§ Supplied material:
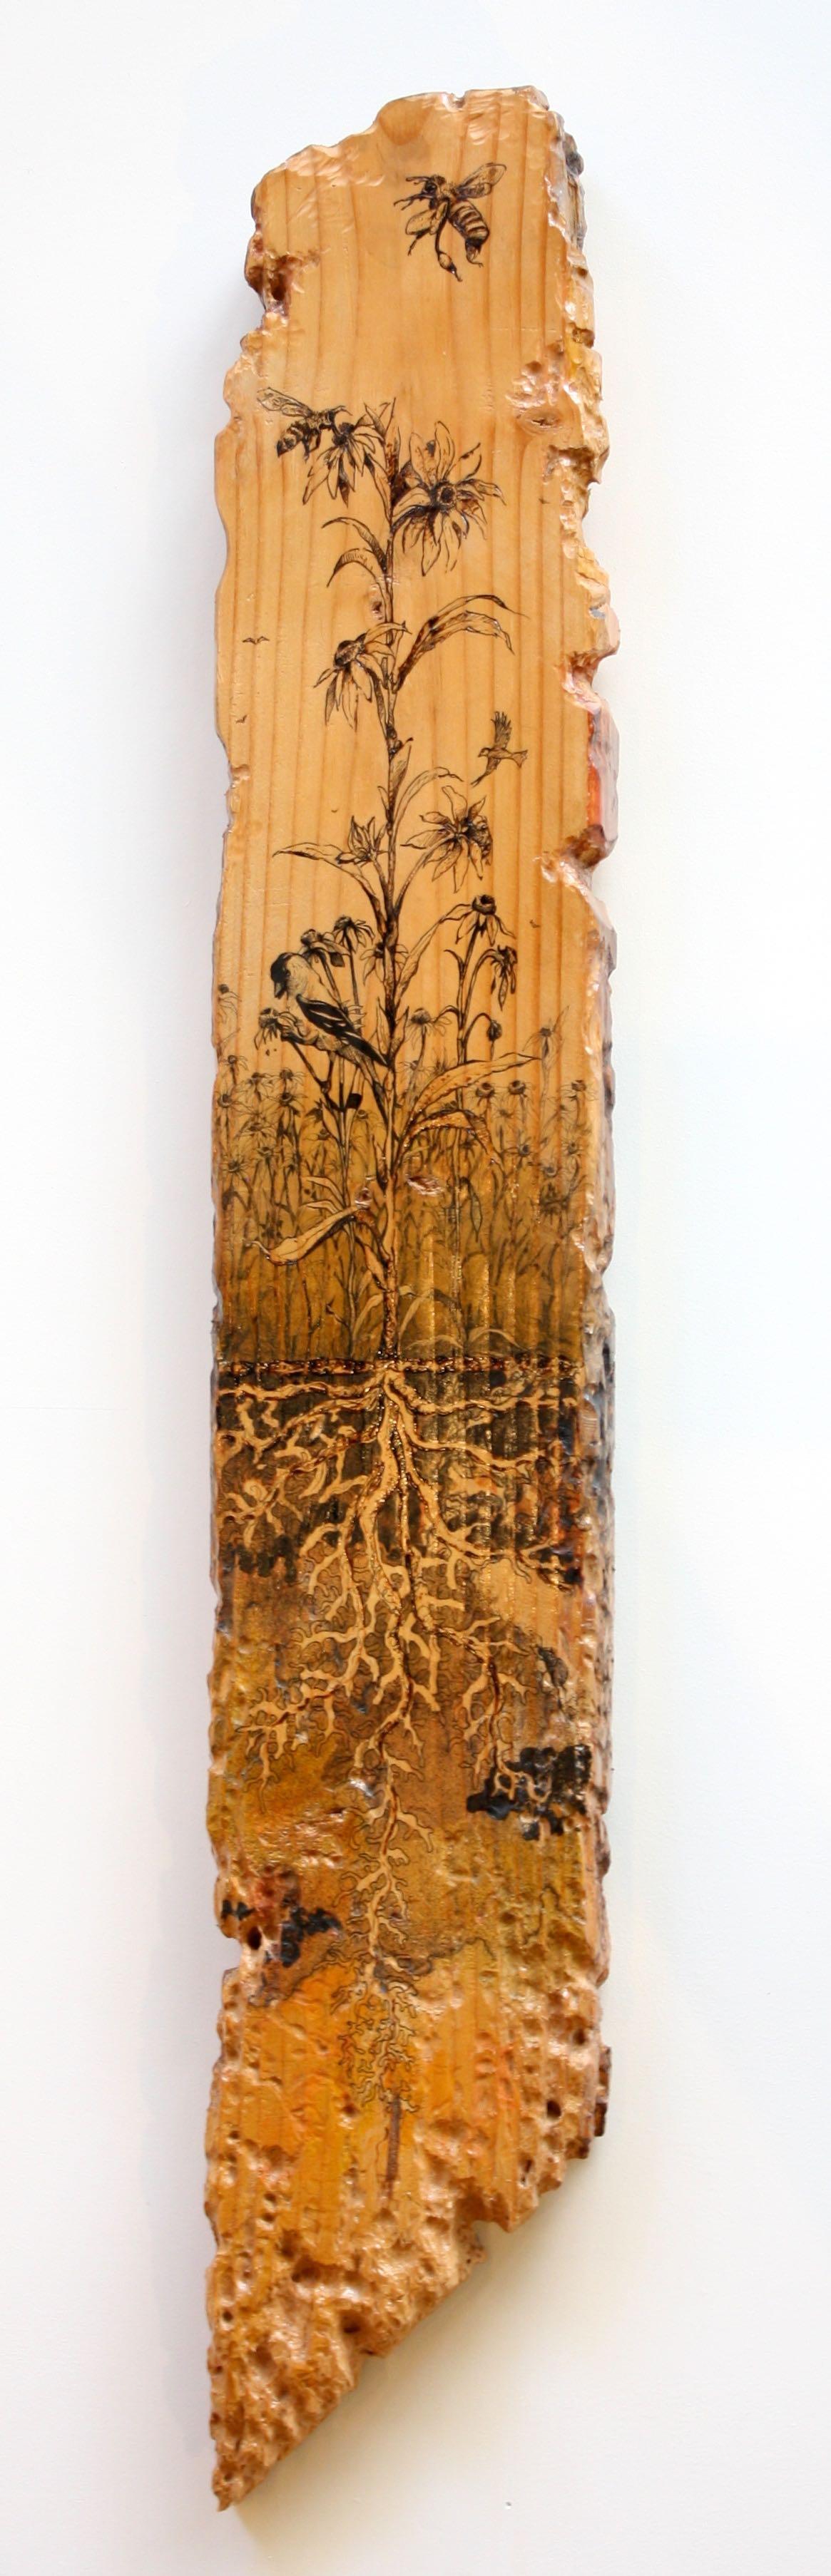 The Good Seed - 2014Acrylic ink/ pen/ woodburn on wood4
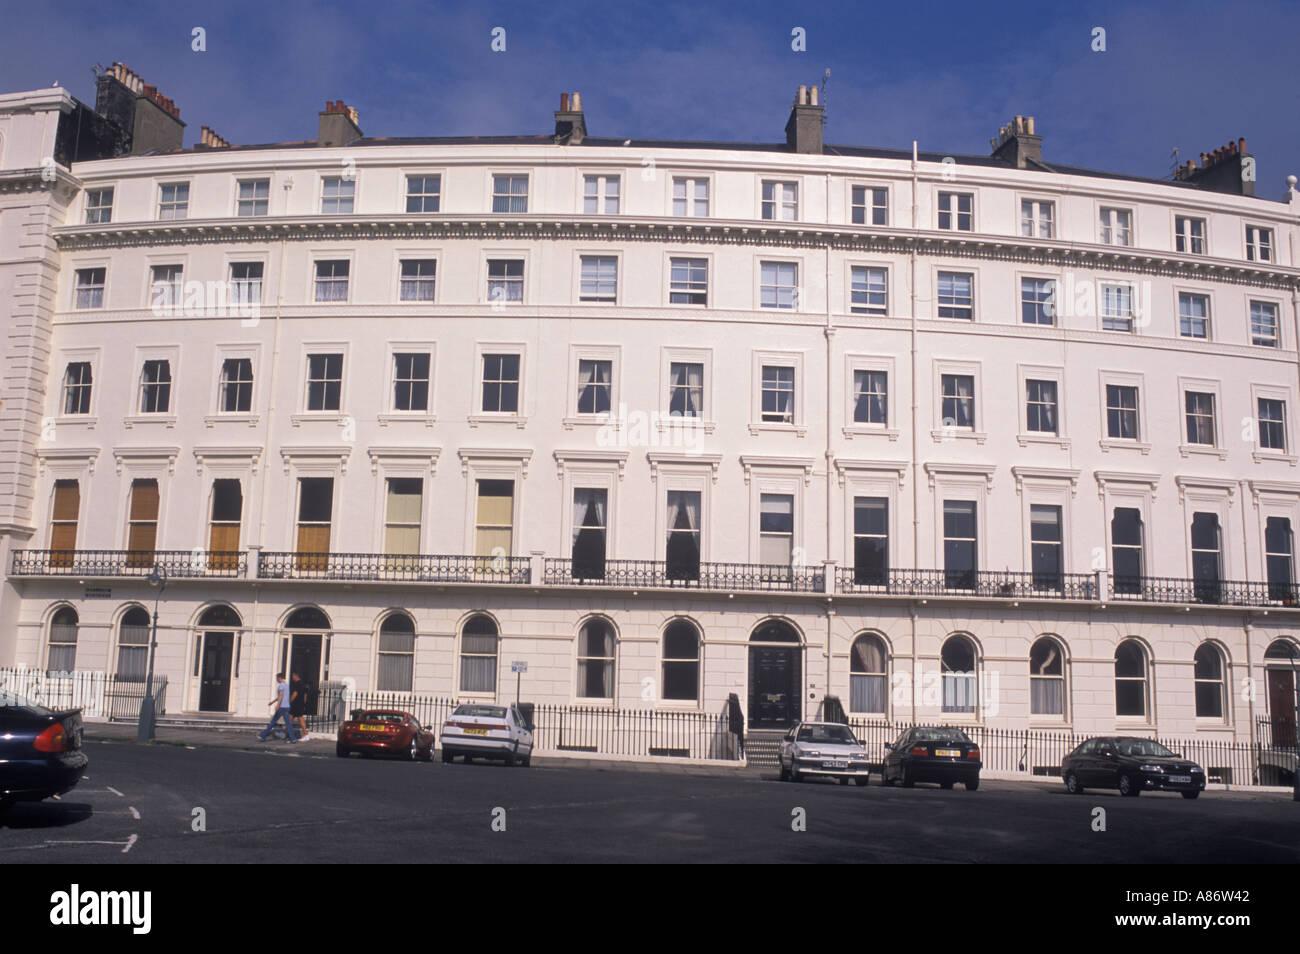 Hove, cerca de Brighton Seafront Palmeria plaza del siglo XIX, famosa por su arquitectura Regency Sussex Reino Unido HOMER SYKES Imagen De Stock
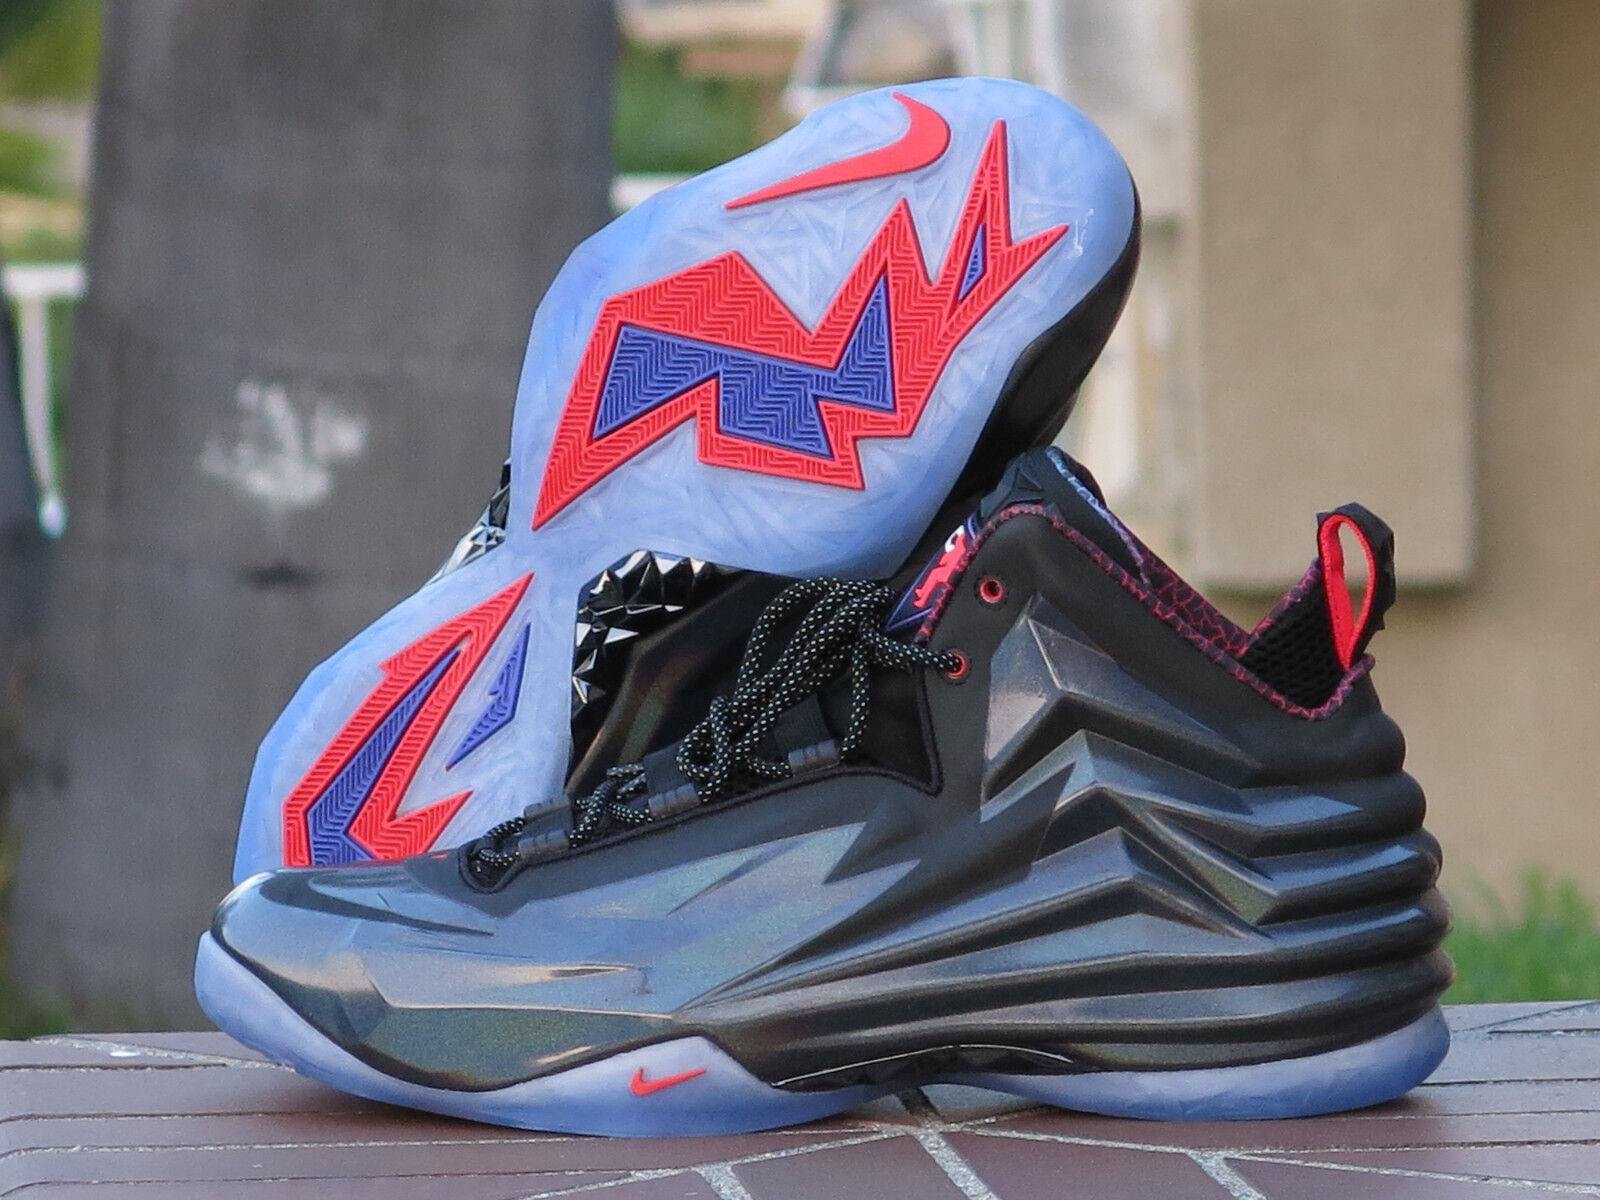 size 40 b457d 7a2c7 2018 Nike Nike Nike Chuck espuma compuesto hombres zapatos de baloncesto  684758-501 reduccion de
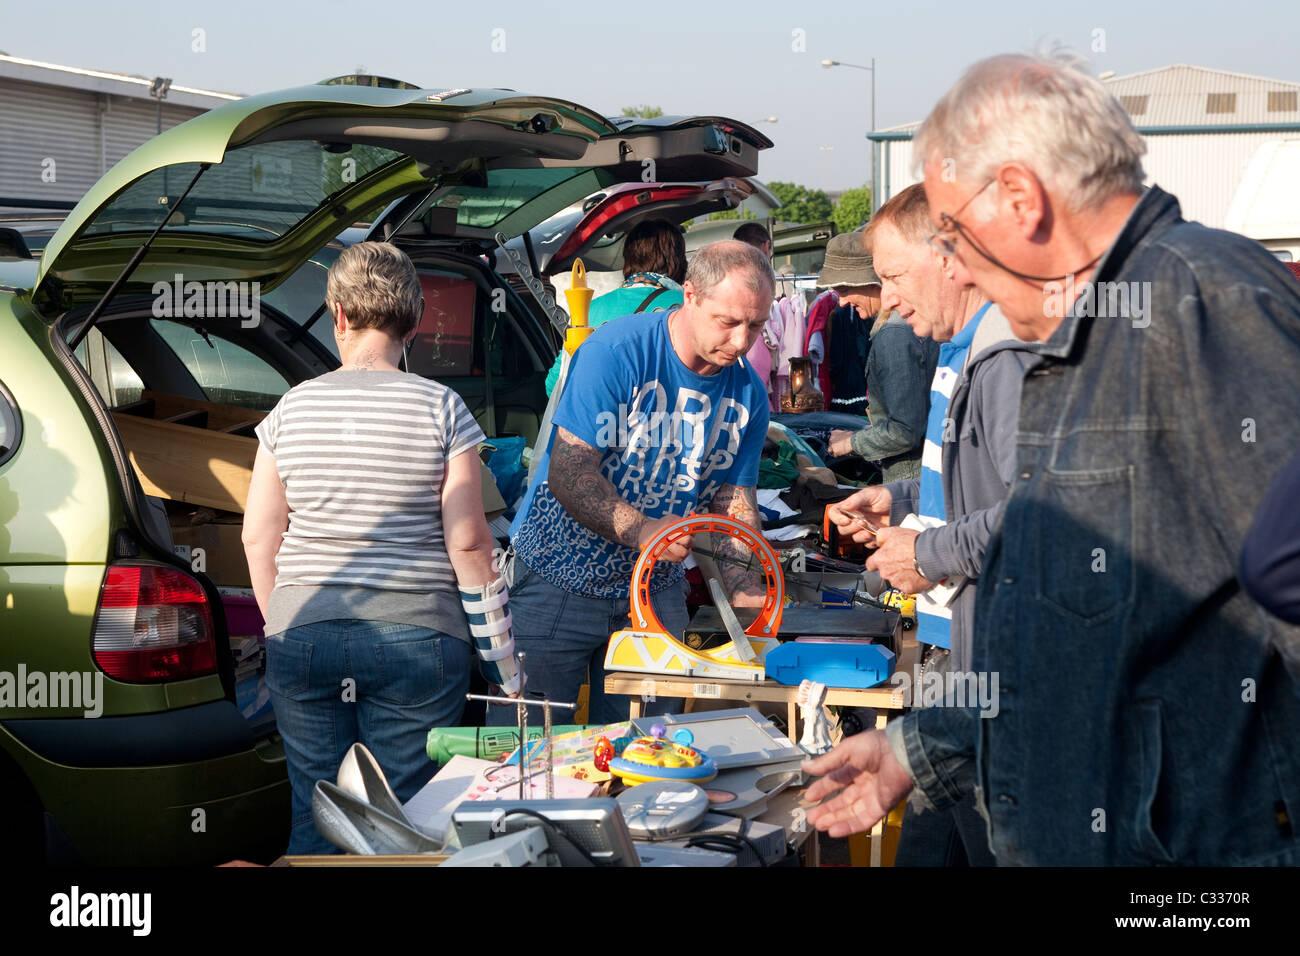 Car boot sale Cardiff, Wales. Photo:Jeff Gilbert - Stock Image

§ What you need to do: Each line from the line containing "Hove, cerca de" through the last line above must be written out exactly, and every picture must be omitted.

§ Reply to the exercise:
 Hove, cerca de Brighton Seafront Palmeria plaza del siglo XIX, famosa por su arquitectura Regency Sussex Reino Unido HOMER SYKES Imagen De Stock
 size 40 b457d 7a2c7 2018 Nike Nike Nike Chuck espuma compuesto hombres zapatos de baloncesto  684758-501 reduccion de
 Car boot sale Cardiff, Wales. Photo:Jeff Gilbert - Stock Image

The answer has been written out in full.